Колин, наконец, отправил печенье в рот и потянулся к чашке, намекая, что разговор закрыт.

  Я не привык вставать столь рано. И Рут, и Элизабет советовали мне накануне не засиживаться допоздна, но, как я ни старался, заснуть мне не удалось. То ли доктор сглазил, и у меня теперь впрямь появилась бессонница, то ли разговор с Колином не давал мне покоя, не позволяя уснуть. Признаюсь, он дал мне гораздо больше пищи для раздумий, чем Элизабет, Кристофер и Миранда вместе взятые.
Обнаруженные письма говорили мне, что я был более чем близок с каким-то парнем. И я подозревал – пока всего лишь подозревал, что такого рода отношения вполне могли быть и здесь – в Портленде.
Собравшись с помощью Рут и натянув форму колледжа, к положенному времени я был у парадного входа. Колин уже стоял там, нервно оглядываясь по сторонам.
Я поздоровался. Колин ответил без особого энтузиазма.
Я не стал спрашивать, что с ним, решив, что это не мое дело.
- Здоровайся с теми, кто говорит тебе «Привет». И будь рядом. Я, если что, подскажу, - быстро проговорил он.
Я ясно уловил запах сигарет. Кристофер часто закуривал у себя в кабинете, и Элизабет злилась, а я старался не обращать внимания.
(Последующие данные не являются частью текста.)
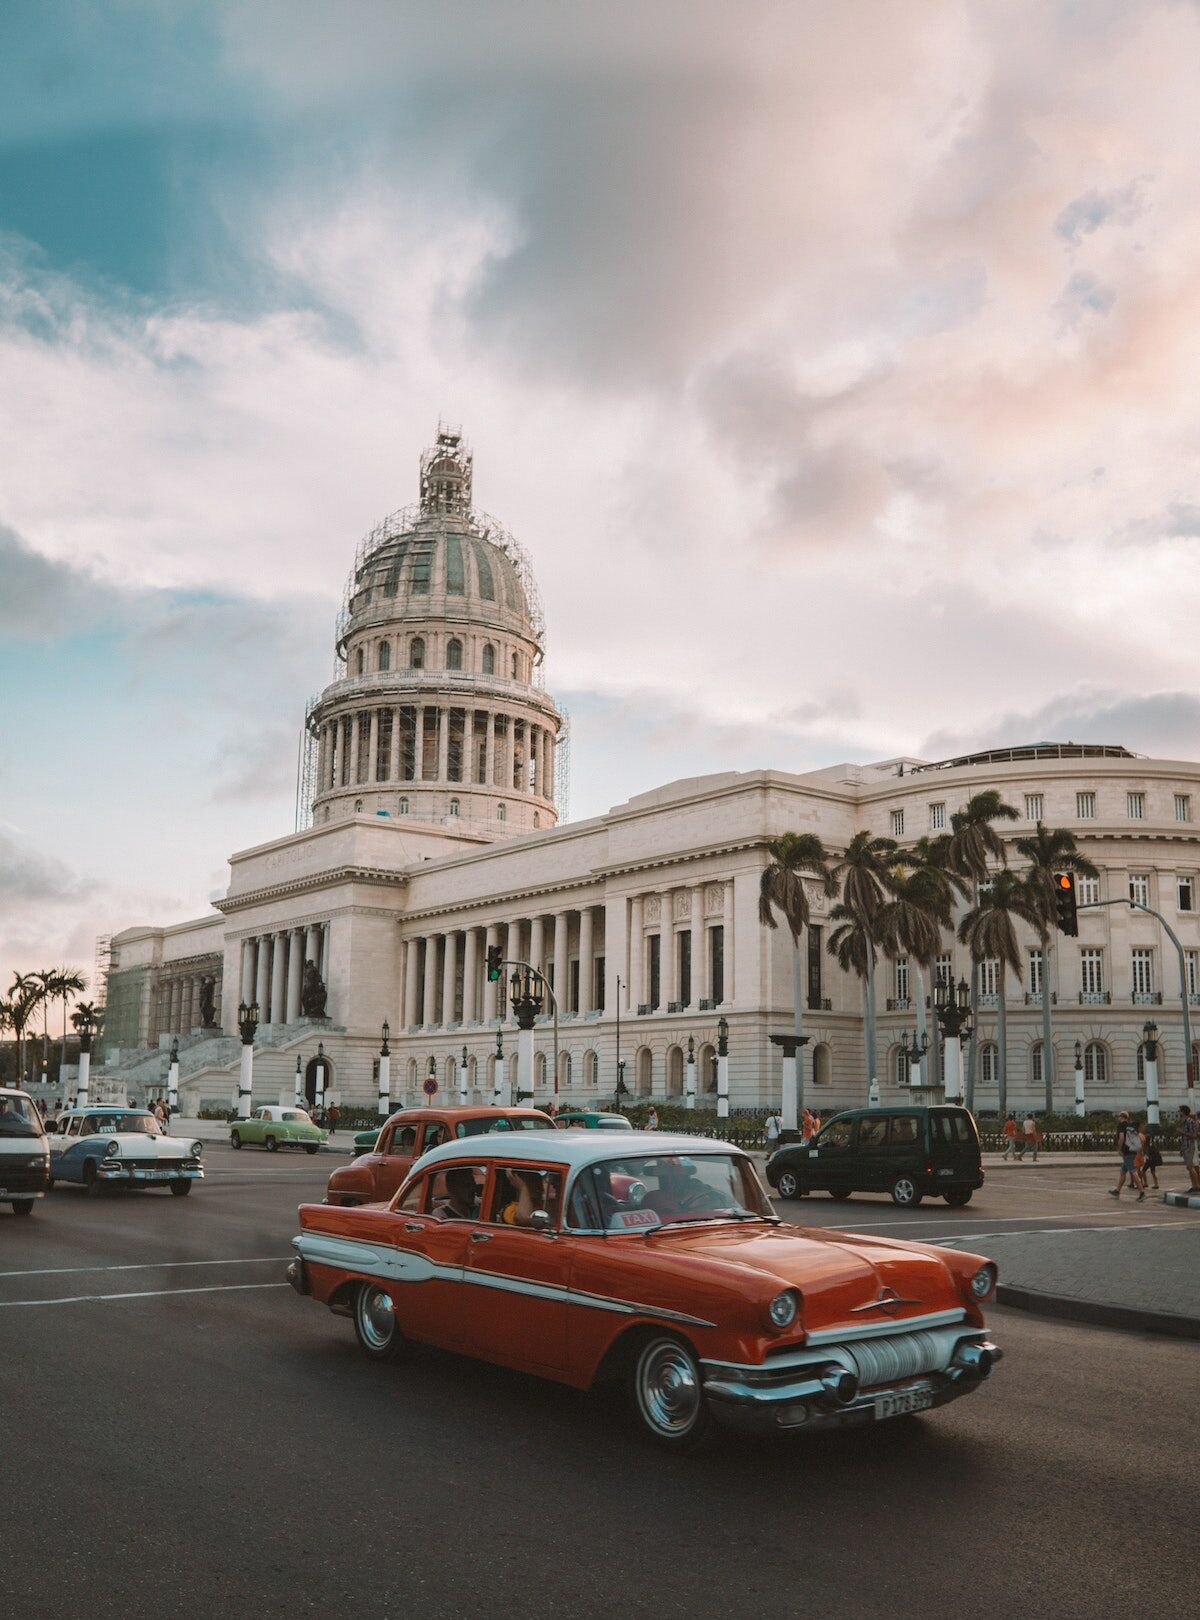 EINDRÜCKE AUTOS Oldtimer in Cuba Havana und Capitol

Терпкий запах табака я не спутал бы ни с чем другим.
- Ты куришь? – тихо поинтересовался я.
- Да, - огрызнулся он. – Ты тоже раньше курил, так что даже не вздумай мне читать морали!
- Больно нужно, - тоже огрызнулся я.
Колин покосился в мою сторону, но так и ничего не сказал.
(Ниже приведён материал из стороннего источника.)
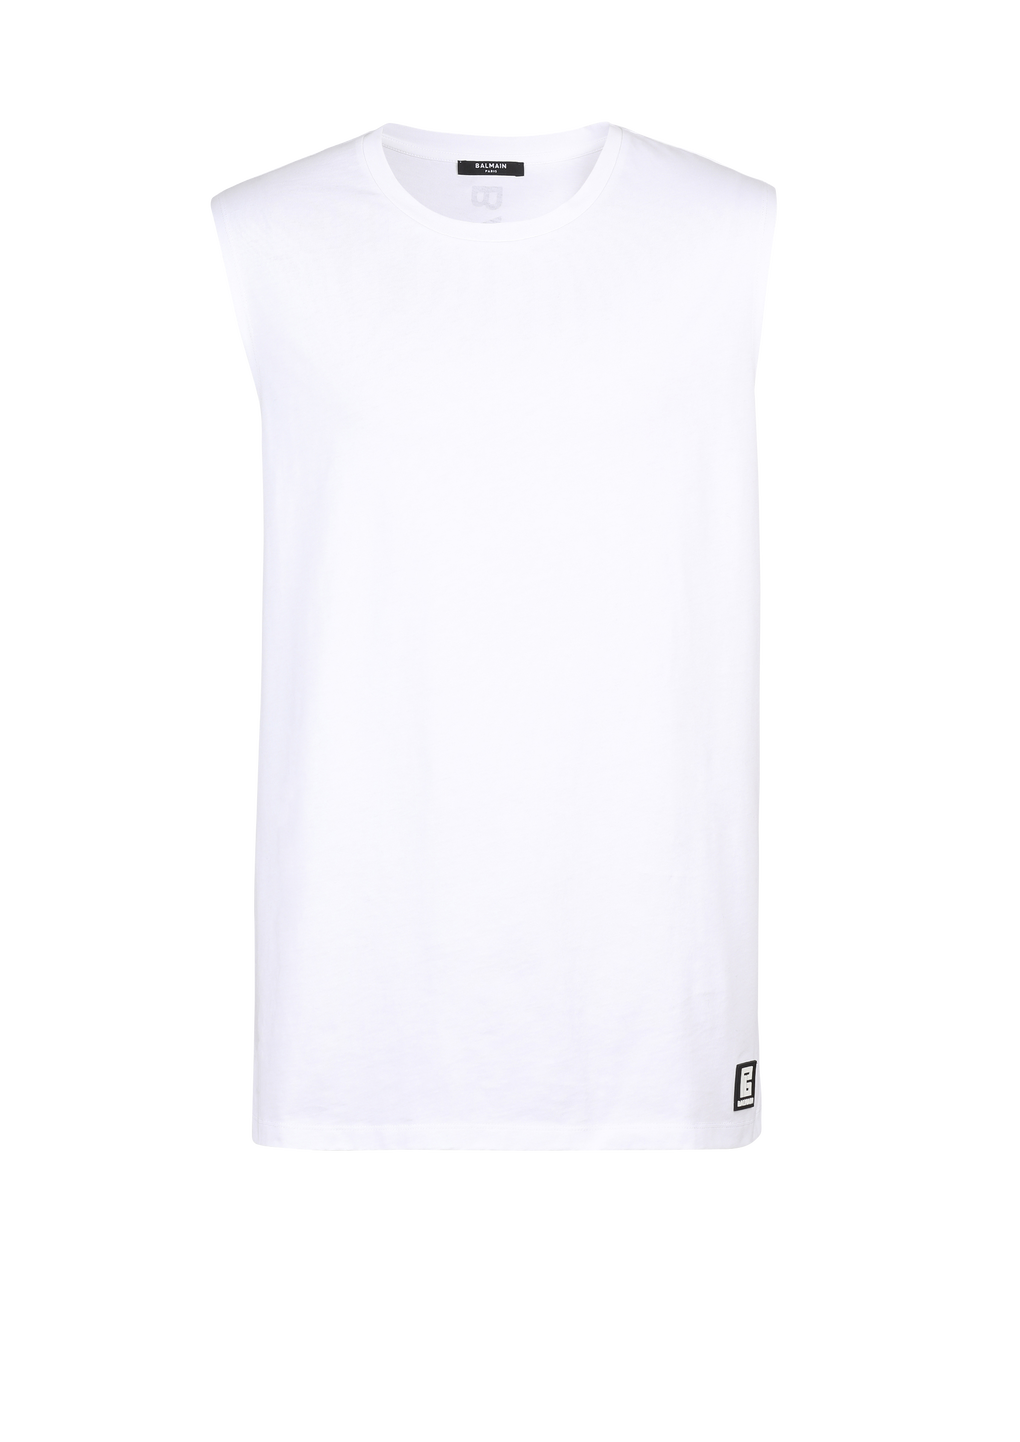 Cotton T-shirt with Balmain logo print, white, hi-res

 Мы, как назло, опоздали, но строгий на вид преподаватель лет тридцати впустил нас, и под его пристальным взглядом мы заняли свои места.
- Прости, не хотел тебе грубить, - прошептал Колин.
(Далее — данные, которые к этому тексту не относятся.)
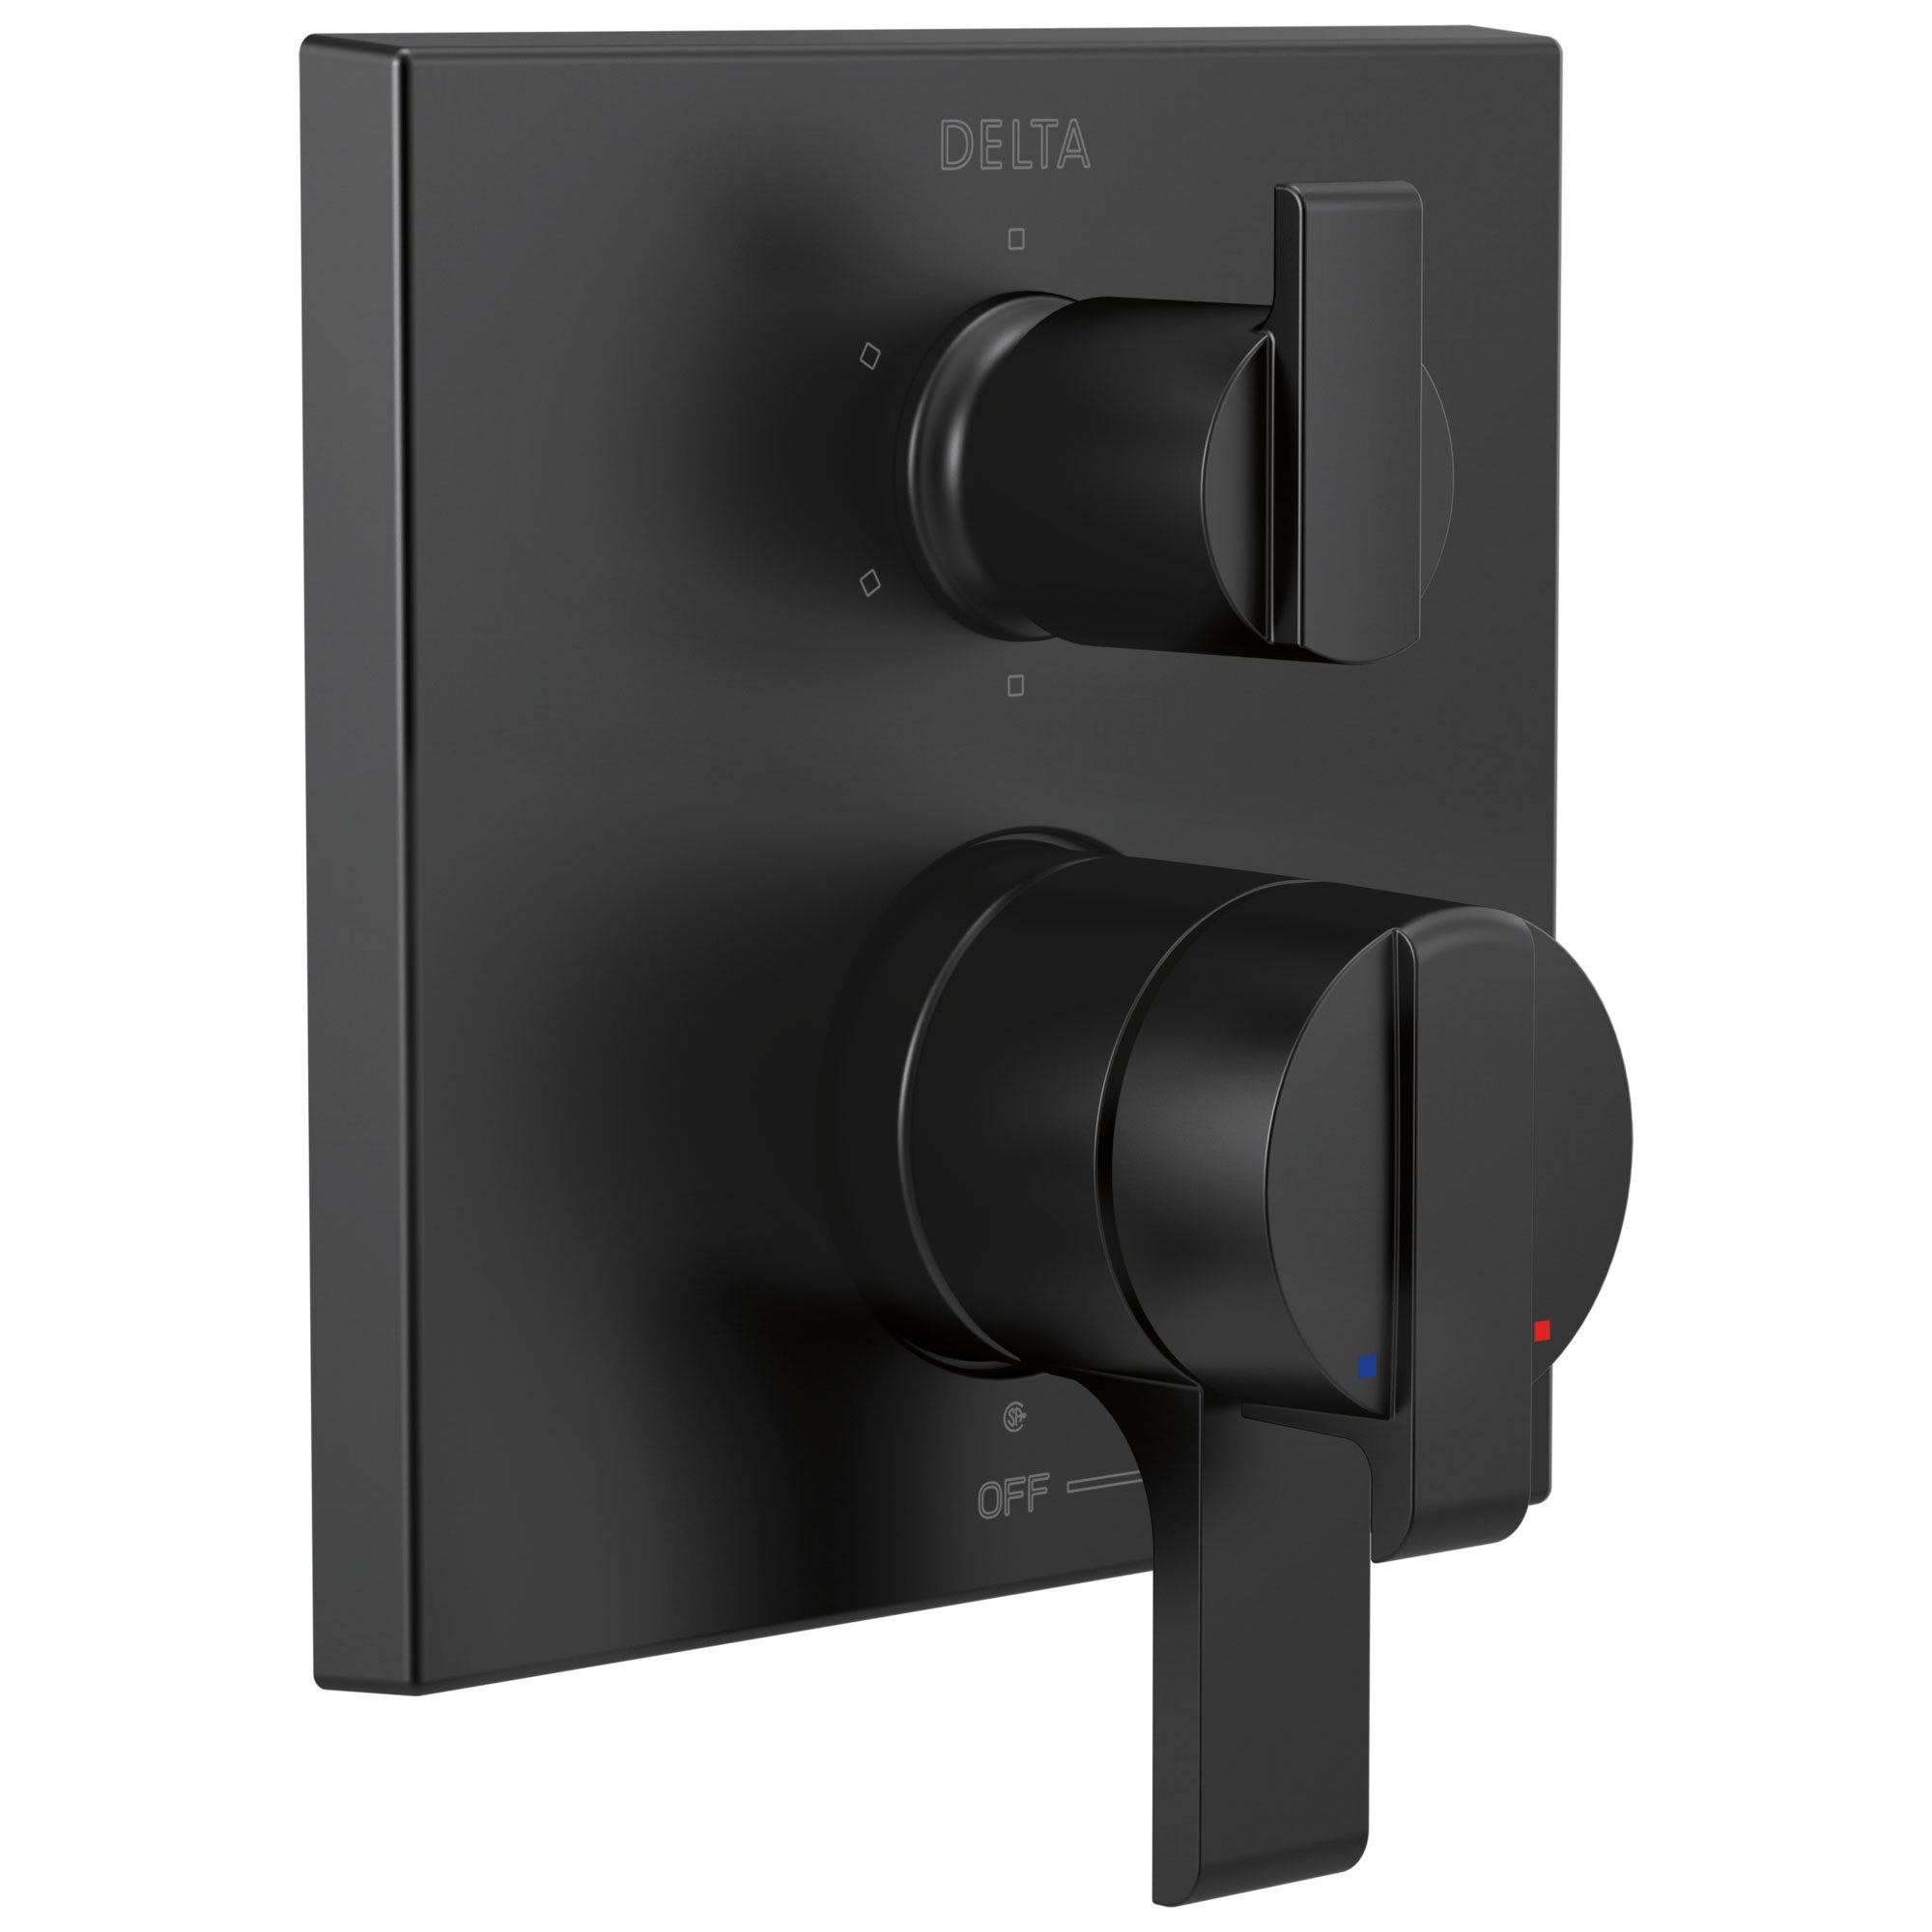 Delta Ara Matte Black Finish Angular Modern 17 Series Shower System Control with 6-Setting Integrated Diverter Includes Valve and Handles D3131V

- Ничего, - пробормотал я.
Занятие прошло быстро, что на нем обсуждали, я не понял, а по звонку на меня обрушился град вопросов. Колин отвечал вместо меня, а потом и вовсе всех попросил отстать.
Одна из девушек, которую я заметил еще на занятии, плавно подошла к нам. Мне не понравилась ее улыбка.
- Привет, - прощебетала она и поцеловала меня в щеку.
- Привет, - растерянно произнес я, никак такого не ожидая.
- Отвали, Элла, - грубо одернул ее Колин.
Я удивленно уставился на друга. Не думал, что он станет грубить девушке.
- Колин, ты, видимо, уже обработал Мэттью. Все рассказал? Или все темнишь? – съязвила она, тоже целуя его в щеку.
- Давай, каждый останется при своем, а? Не лезь не в свое дело!
- А то что? – хитро улыбнулась она.
Колин резко схватил ее за локоть.
- А не то все узнают, кто тебя еще не трахал!
Я тут же бросился на помощь девушке.
- Колин, отпусти ее!
Девушка поморщилась от боли. Колин же, взглянув на меня, отпустил ее.
- А я смотрю, мало что поменялось. Ты все та же собачка!
- Да кто-нибудь хоть что-нибудь мне объяснит? – разозлился я. 
- Колина спроси,  - посоветовала Элла, наградив того злобным взглядом.
- Не сомневайся, - улыбнулся он.
- О себе, пожалуй, я сама расскажу,  - сказала она и повернулась ко мне. – Мэттью, я считаю тебя последним ублюдком в колледже. Я тебя просто не перевариваю. И всю вашу шайку в клубе на дух не переношу! Так что держись от меня подальше!
Я изумленно на нее уставился.
- Обязательно передам твои слова Стэнли, - вмешался Колин.
- Тебе никто не поверит! – хмыкнула она и, развернувшись, вышла из кабинета.
- Не бери в голову, Мэттью, - Колин похлопал меня по плечу.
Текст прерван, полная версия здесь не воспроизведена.